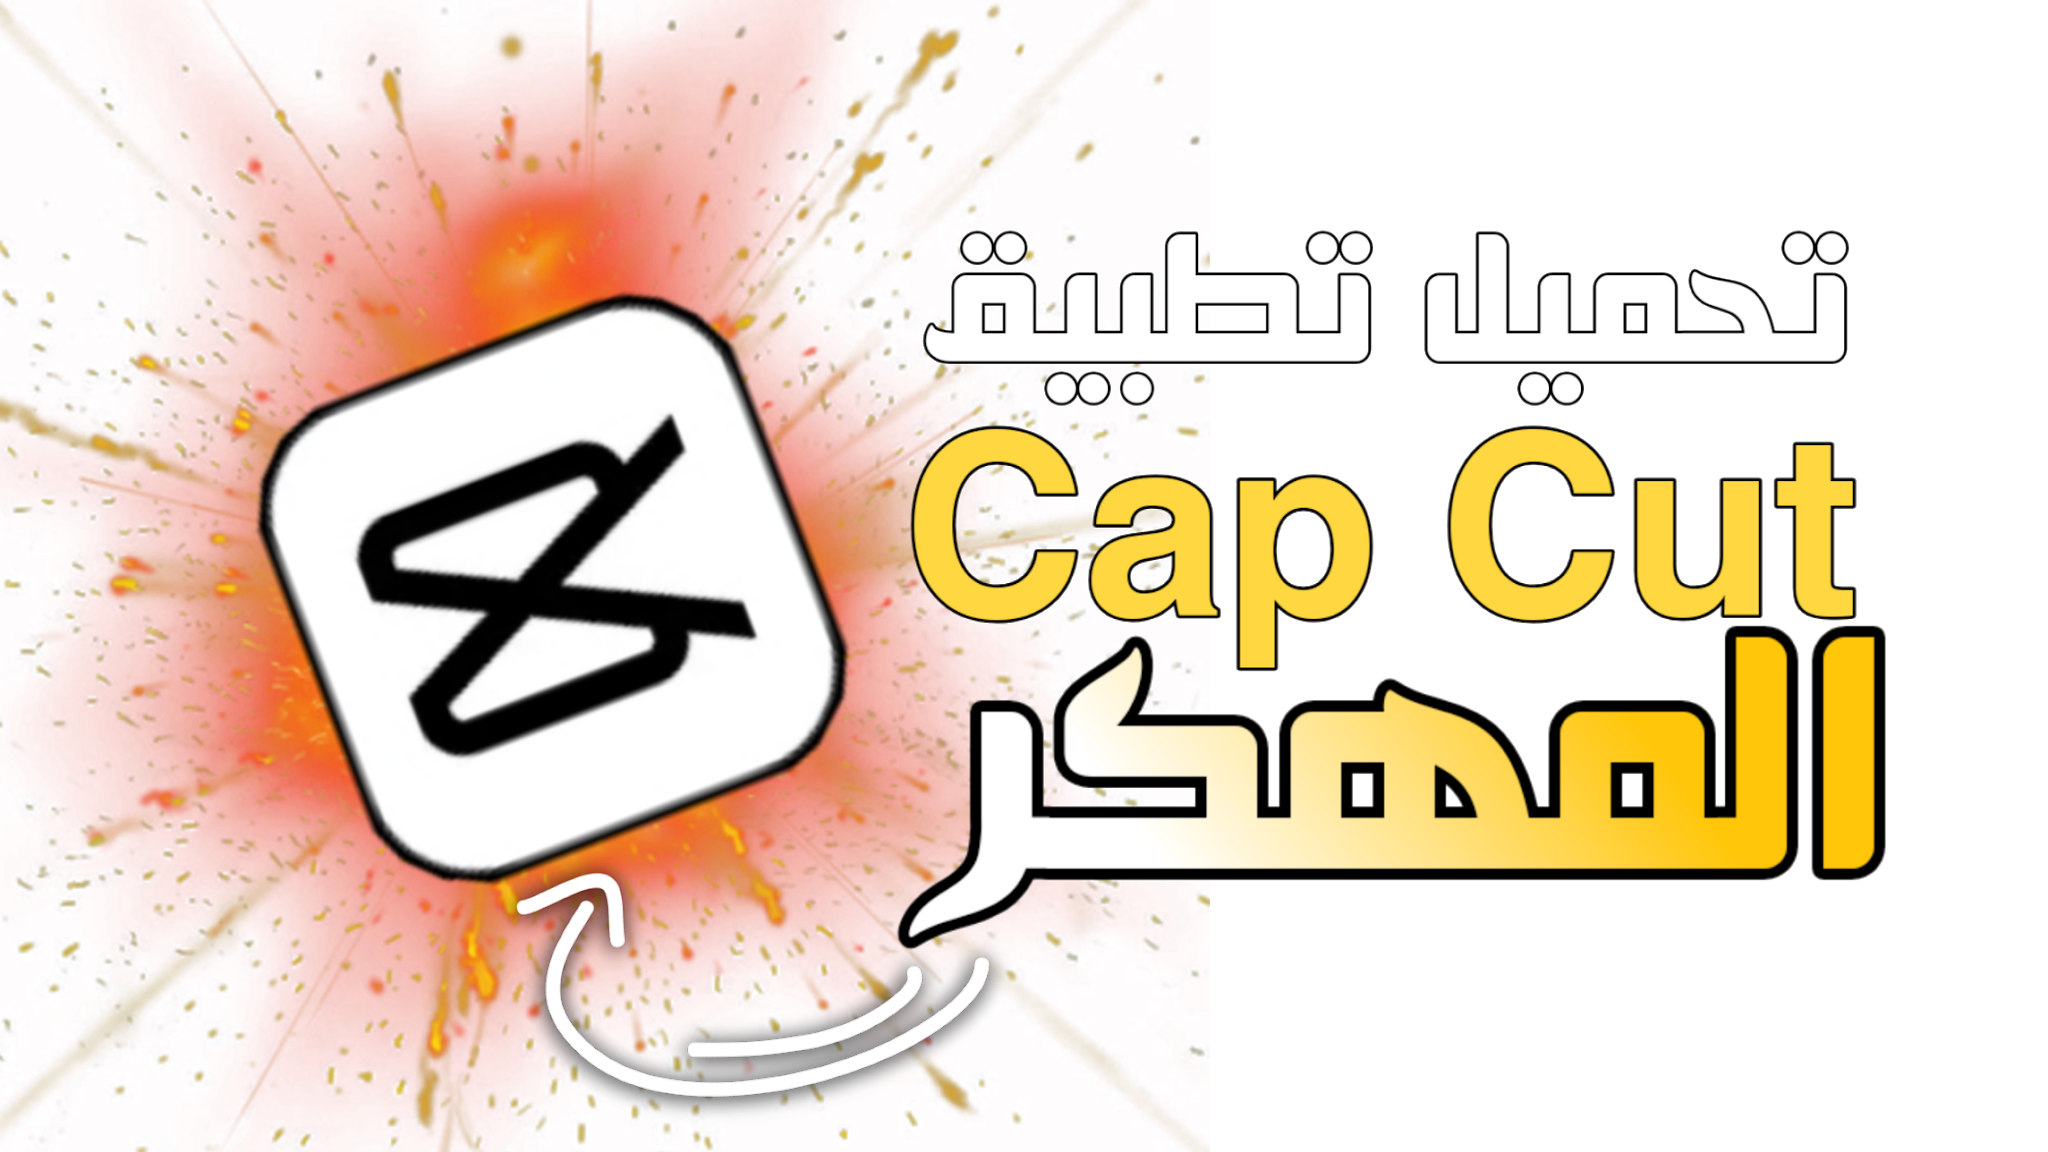 Capcut музыка. CAPCUT лого. Cap Cut логотип. Хабиби CAPCUT. Cap Cut logo PNG.
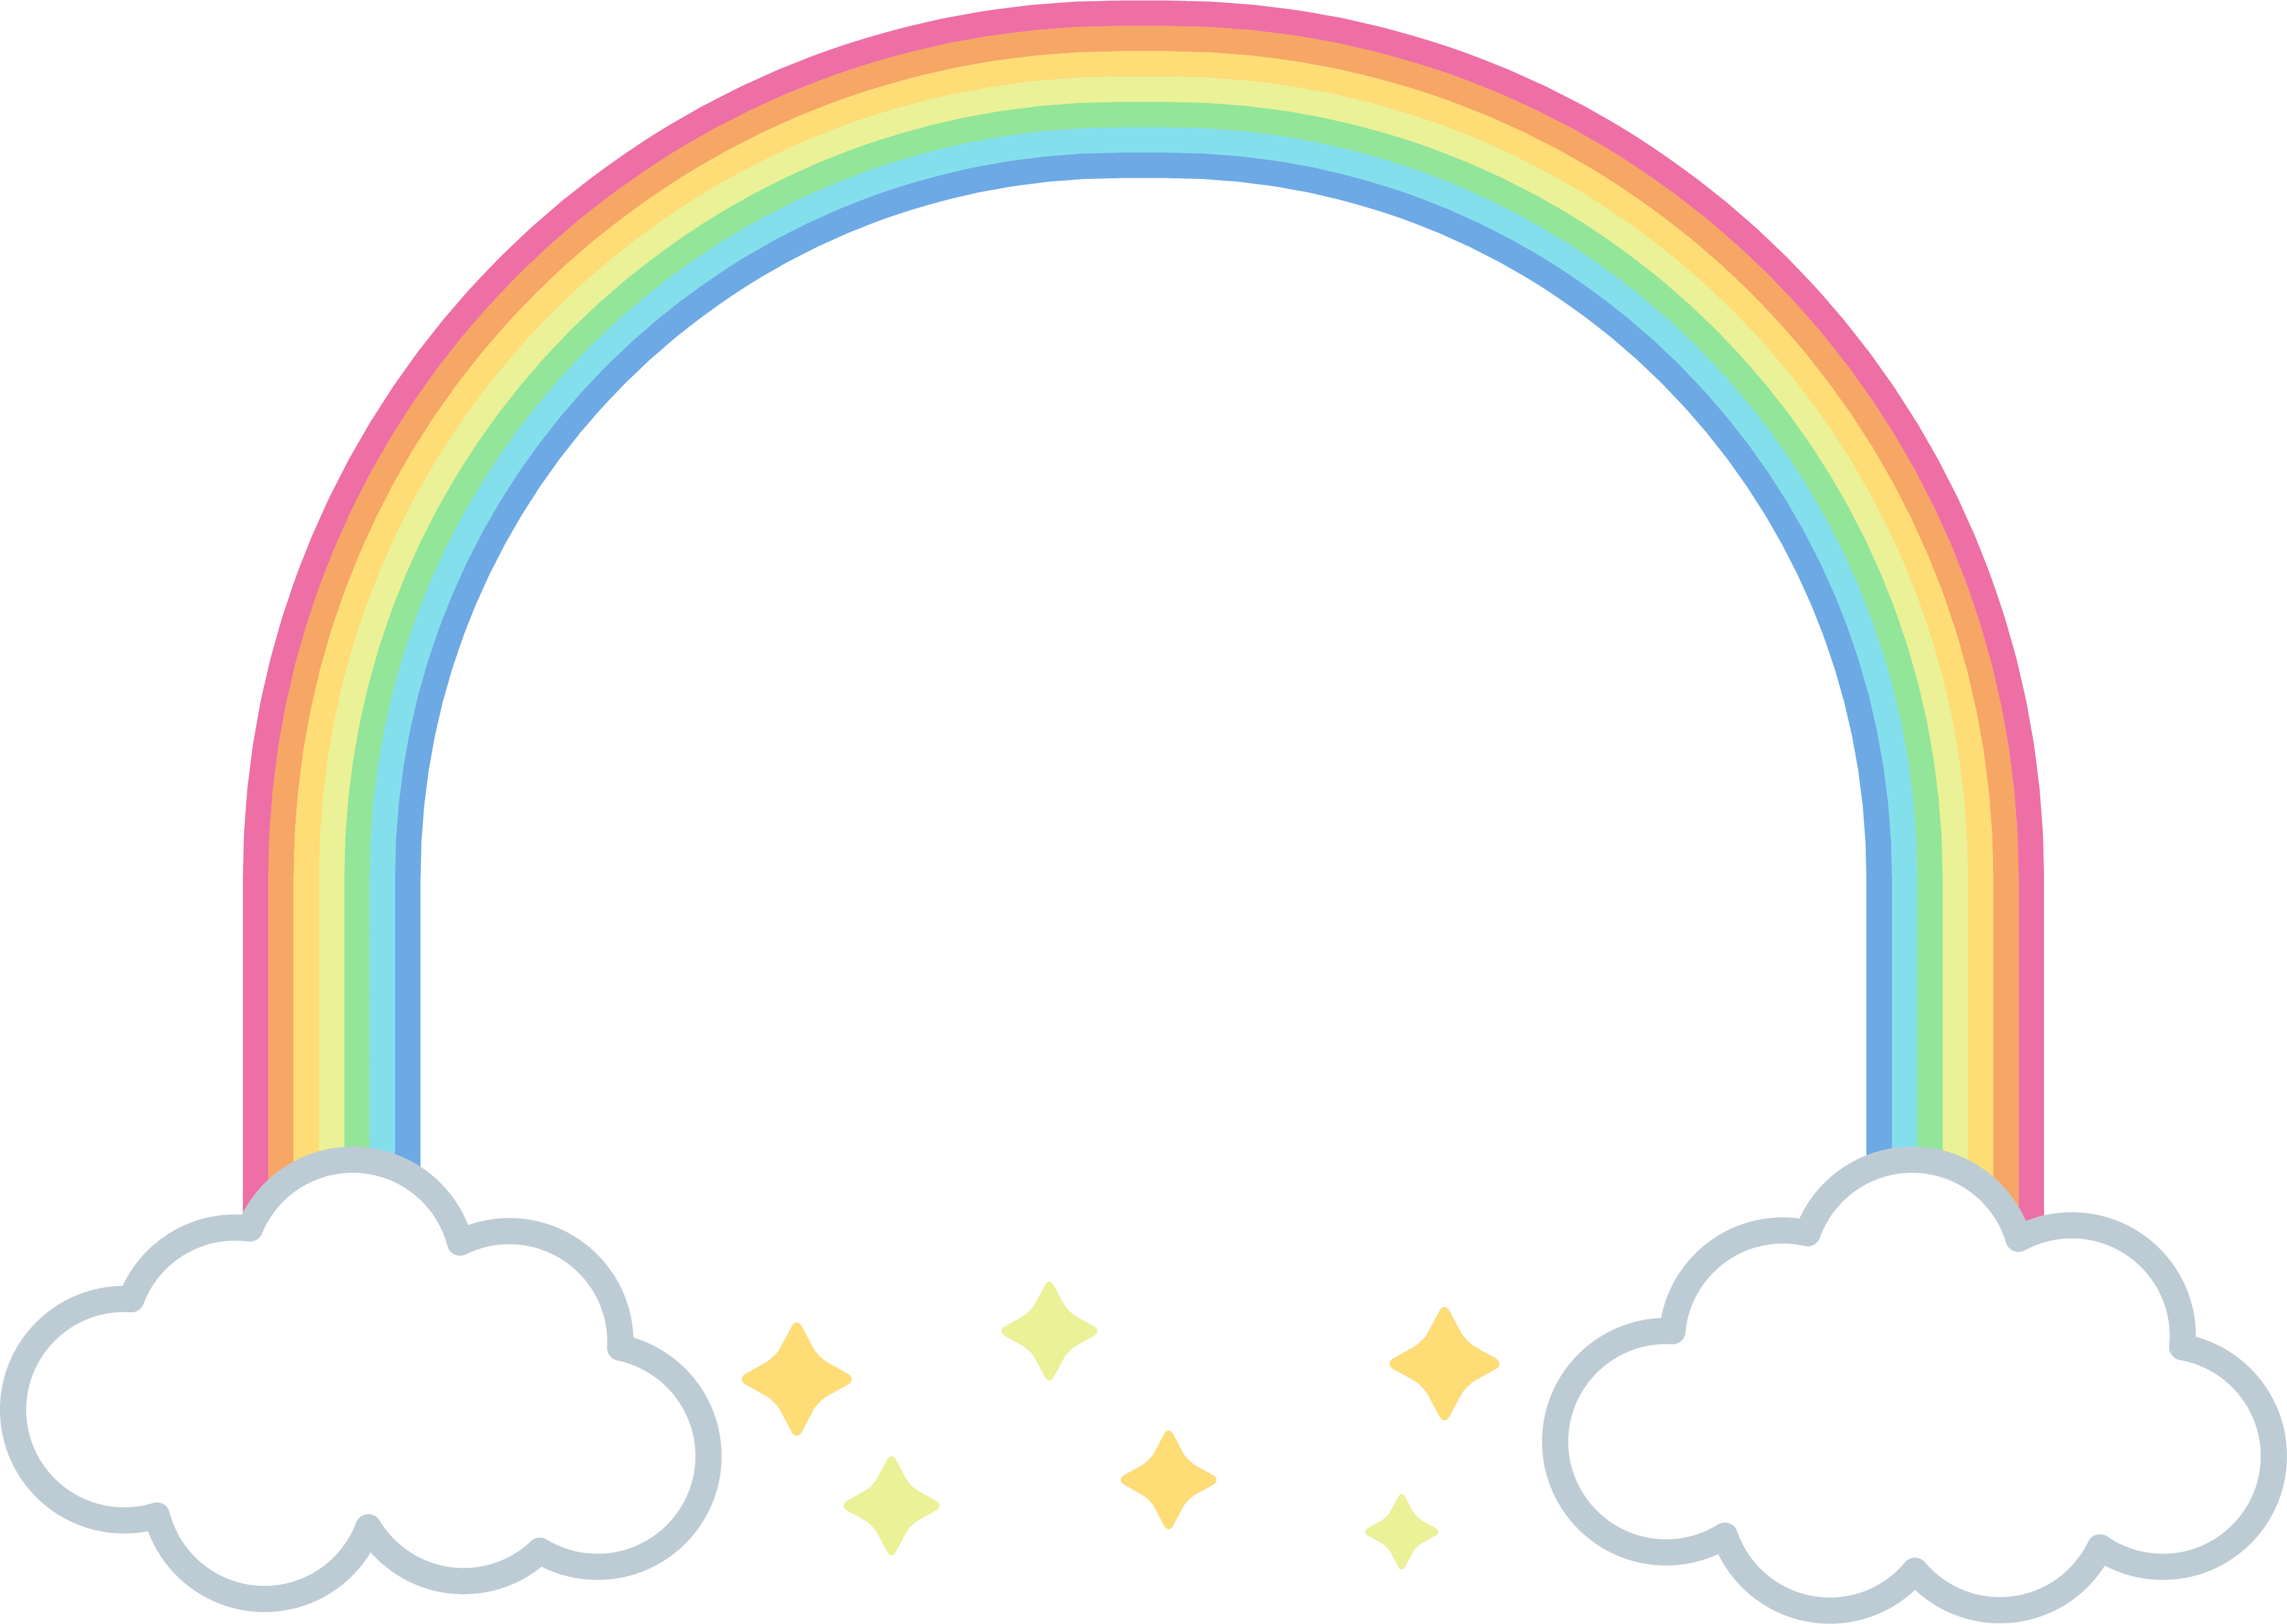 虹のアーチと星のフレーム飾り枠
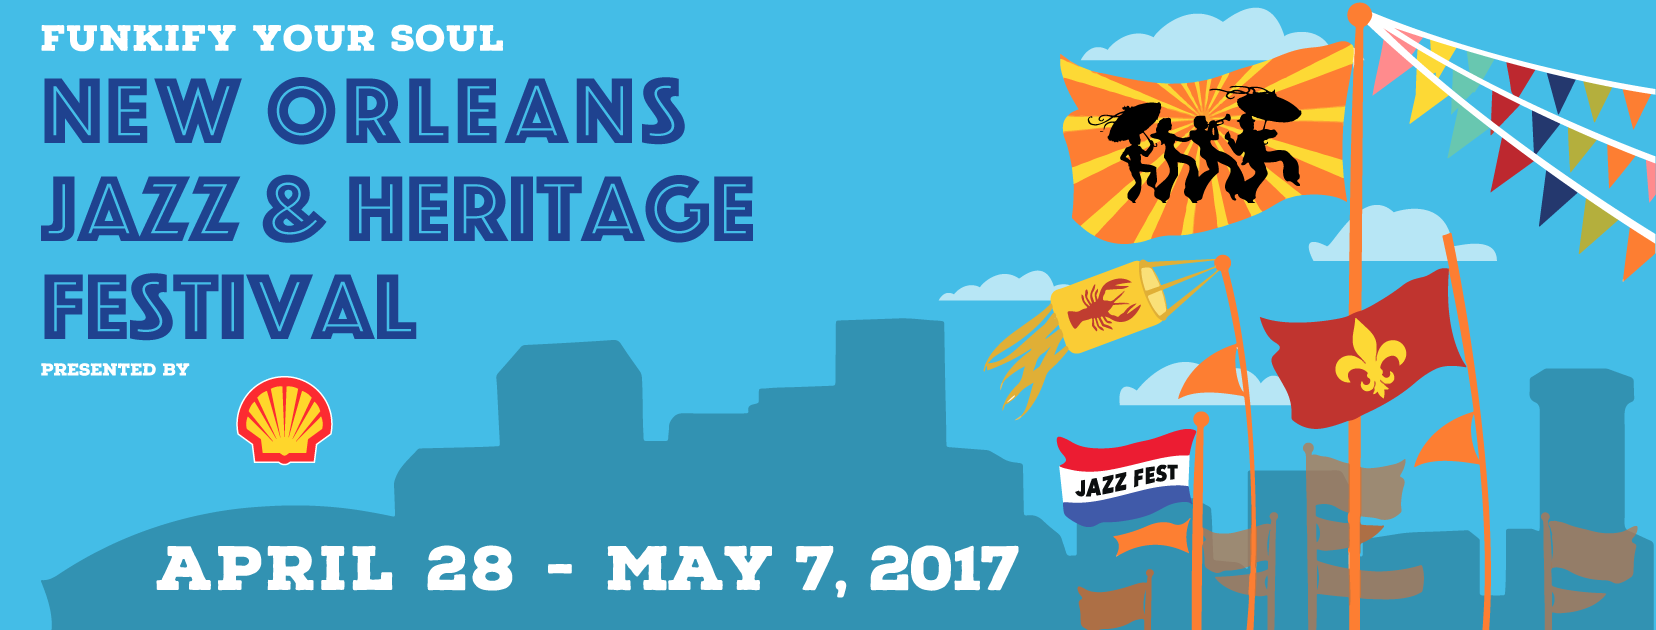 New Orleans Jazz Fest. Announces Lineup
++++
# Task instructions
Every line of the listing should be repeated exactly; no picture should appear.

# Answer to this task
 Capcut музыка. CAPCUT лого. Cap Cut логотип. Хабиби CAPCUT. Cap Cut logo PNG.
 虹のアーチと星のフレーム飾り枠
 New Orleans Jazz Fest. Announces Lineup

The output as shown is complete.